Towards the end of 2008 through to the end of 2010, I was appointed as the Alpine Project Officer for the New South Wales National Parks and Wildlife Service in the Snowy Mountains, working alongside Ken Green. This was a great opportunity to hone my telemark skiing skills as well as conduct some really exciting research on alpine treelines, snowgum germination and recruitment dynamics, frost tolerance of shrub species and alpine phenology. Carrying part of a 20kg ice corer around the glacial lakes in winter to collect water samples was a definite highlight. Also in this position I collaborated with researchers at the Australian National University (Adrienne Nicotra and Gemma Holye) and folks at the Australian National Botanic Gardens (Sarah Fethers and Joe McAuliffe) on germination and soil seed bank studies.
After a nine-month stint in Christchurch, New Zealand, (Feb 2011 to Oct 2011) I returned to Melbourne, and worked part-time between 2012-2014 whilst caring for my two sons, as well as cobbling several fractional posts together; coordinating and lecturing the third year subject Ecology of Australian Vegetation (BIO3091) at Monash University, as well as teaching into Climate, Sustainability and Society (ENV1CSS) and Plant Diversity and Ecology (BOT2PDE) at La Trobe University.

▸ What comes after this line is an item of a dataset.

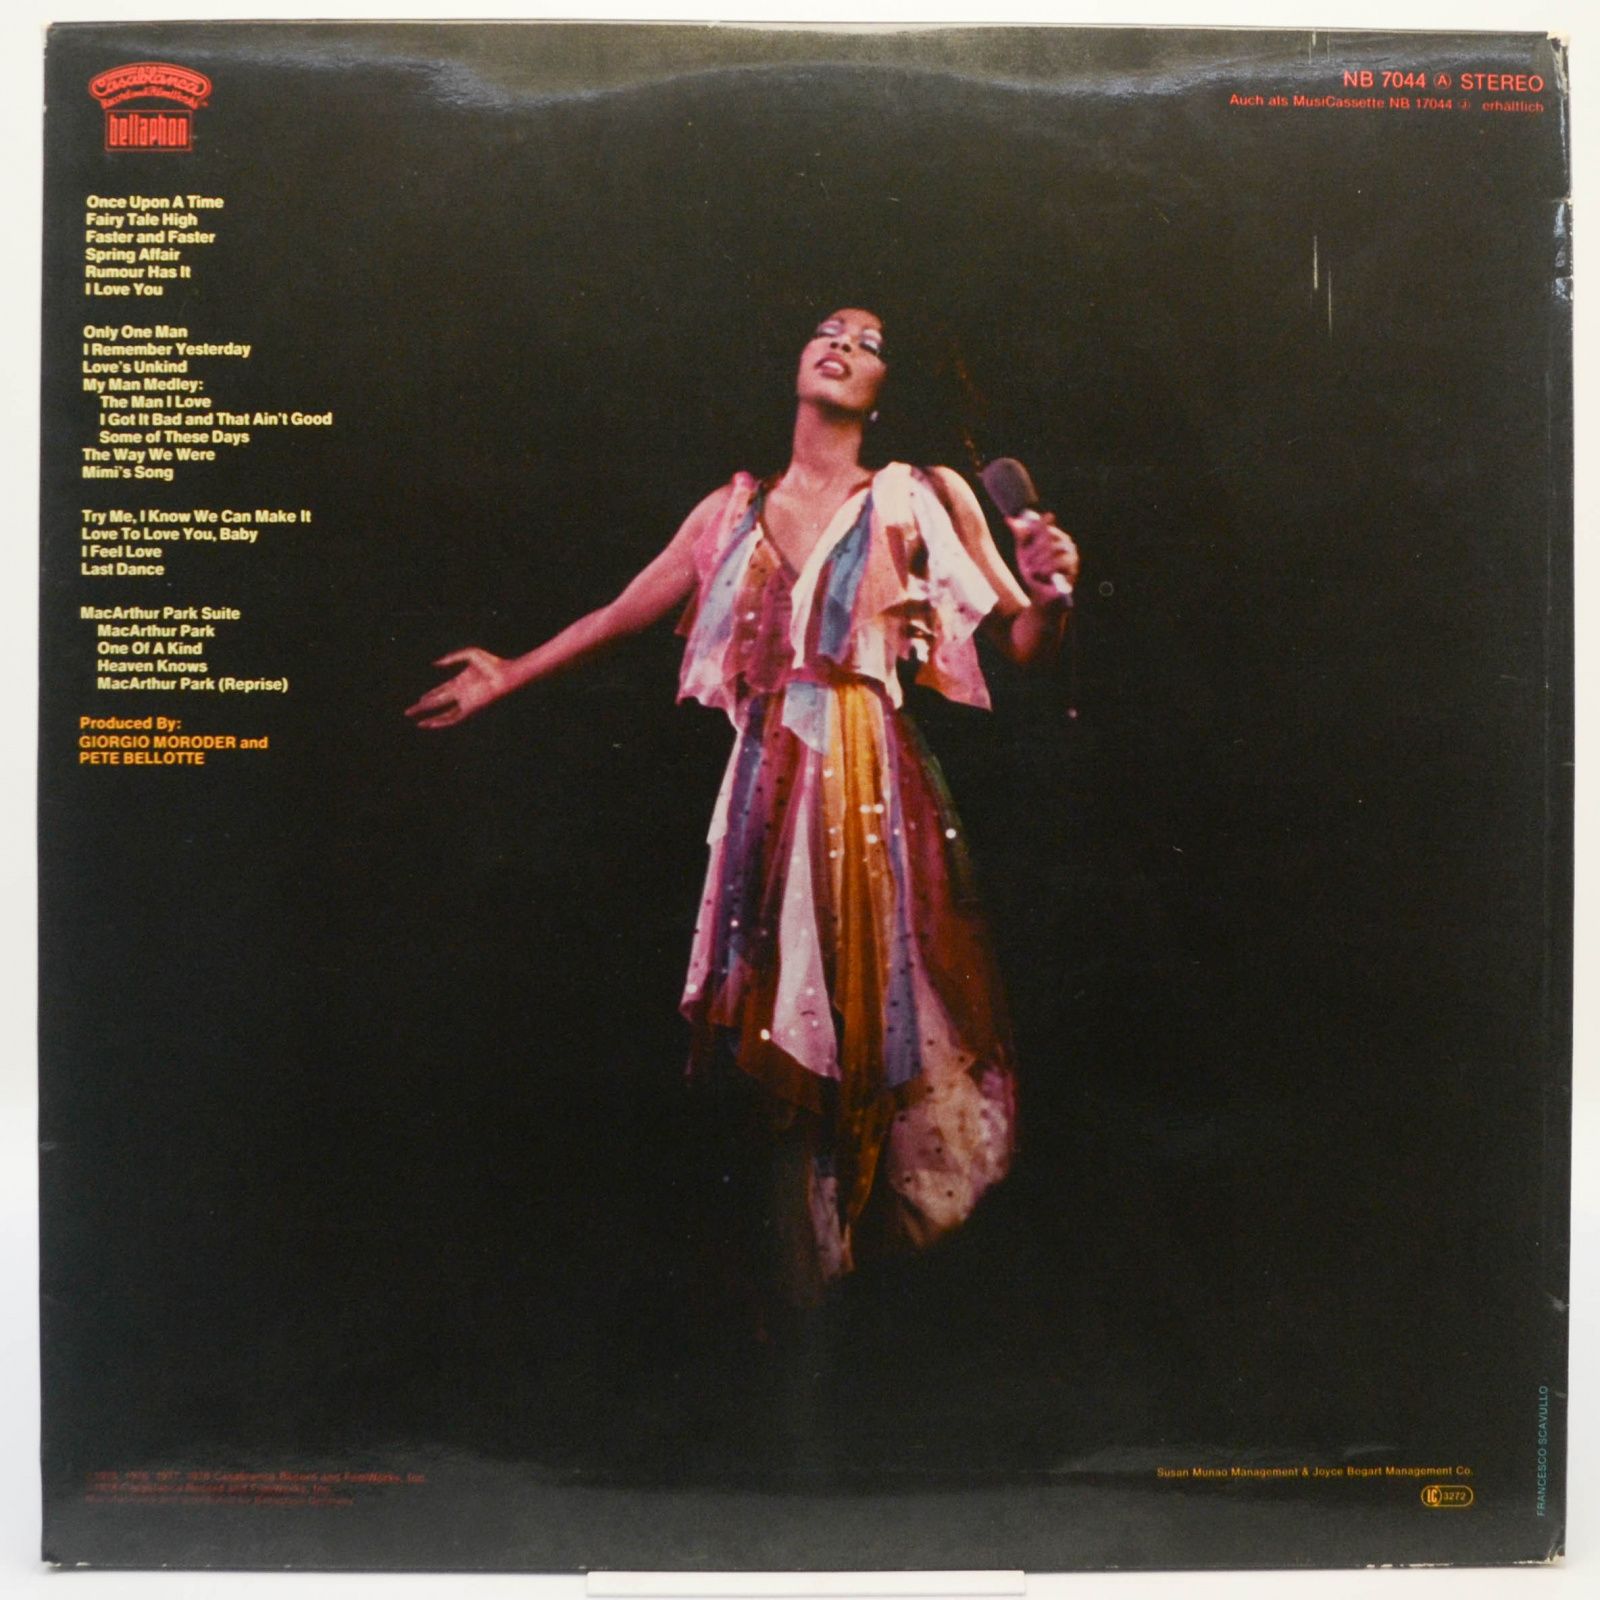 Donna Summer — Live And More (2LP), 1978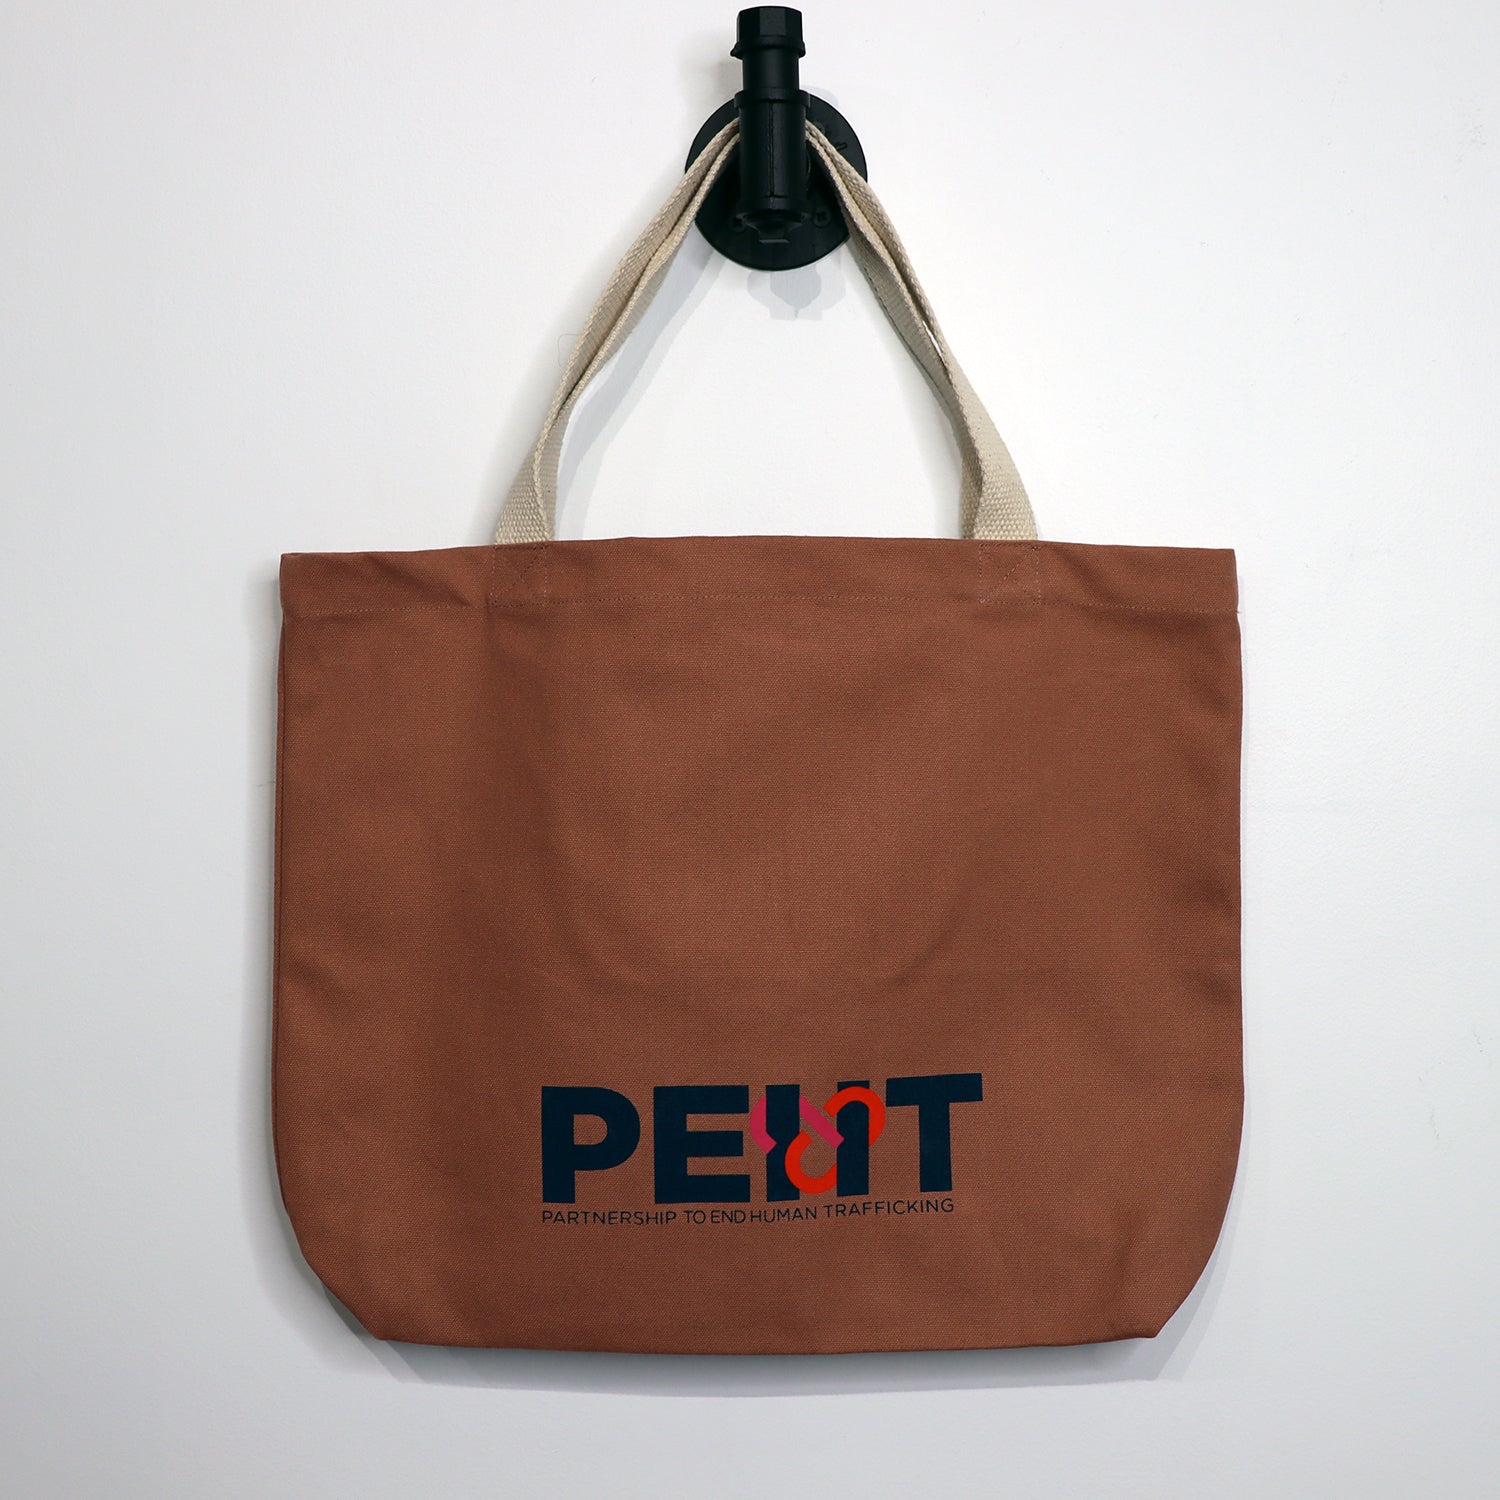 Tote Bags - New Style

In 2014, I started my research on Shrub, Snow and Climate Feedbacks, funded by the Australian Research Council, Discovery Early Career Research Award, through the Australian National University. I started in the position of Senior Lecturer of Plant Biology at Deakin University in November 2017, and I continue to work on this ARC DECRA project from Deakin.
This project aims to understand the mechanisms promoting shrub expansion in alpine areas and the consequences of a shrub-dominated landscape; in terms of shrubs as hydrological mediators and as biodiversity and ecosystem modifiers. Some shrub species trap wind-blown snow, thereby facilitating seedling survival through soil insulation and increases to meltwater. However, if adaptive and plastic responses to climate change allows, shrub expansion will have significant negative impacts on alpine biodiversity and ecosystem function. The project will tease apart the interacting effects of snow, recruitment and adaptation to provide models of shrub increase and determine how shrubs modify alpine ecosystem processes and upper catchment hydrology.